EXTRACTED DATA below:

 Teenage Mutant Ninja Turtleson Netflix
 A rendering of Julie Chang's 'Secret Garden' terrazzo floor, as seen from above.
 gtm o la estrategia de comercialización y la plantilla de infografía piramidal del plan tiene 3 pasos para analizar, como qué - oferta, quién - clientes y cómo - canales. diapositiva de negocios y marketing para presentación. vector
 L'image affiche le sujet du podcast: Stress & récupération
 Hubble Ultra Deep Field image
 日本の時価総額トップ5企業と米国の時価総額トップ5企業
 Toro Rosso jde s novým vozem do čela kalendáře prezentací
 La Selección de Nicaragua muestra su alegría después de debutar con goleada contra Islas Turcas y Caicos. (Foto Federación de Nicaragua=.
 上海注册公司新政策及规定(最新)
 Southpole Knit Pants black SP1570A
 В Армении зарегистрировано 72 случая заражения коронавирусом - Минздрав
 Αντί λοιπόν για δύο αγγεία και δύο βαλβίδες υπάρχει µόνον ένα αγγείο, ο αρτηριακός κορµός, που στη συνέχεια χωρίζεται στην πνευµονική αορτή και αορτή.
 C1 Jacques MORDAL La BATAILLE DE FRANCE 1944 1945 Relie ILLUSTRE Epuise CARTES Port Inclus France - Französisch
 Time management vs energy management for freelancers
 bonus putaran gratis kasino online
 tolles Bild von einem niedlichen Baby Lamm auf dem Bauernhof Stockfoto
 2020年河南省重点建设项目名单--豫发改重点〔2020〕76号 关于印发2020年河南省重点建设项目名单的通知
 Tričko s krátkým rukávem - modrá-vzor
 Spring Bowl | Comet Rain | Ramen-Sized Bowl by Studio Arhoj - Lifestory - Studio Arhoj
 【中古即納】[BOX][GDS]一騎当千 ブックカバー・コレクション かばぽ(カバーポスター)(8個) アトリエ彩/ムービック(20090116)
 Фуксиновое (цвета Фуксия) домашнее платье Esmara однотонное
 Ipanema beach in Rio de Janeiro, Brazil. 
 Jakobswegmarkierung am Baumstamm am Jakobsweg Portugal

End of EXTRACTED DATA.

EXERCISE: What is needed is every line of the records above that contains the word "image".

RESULT FOR THIS TASK:
 L'image affiche le sujet du podcast: Stress & récupération
 Hubble Ultra Deep Field image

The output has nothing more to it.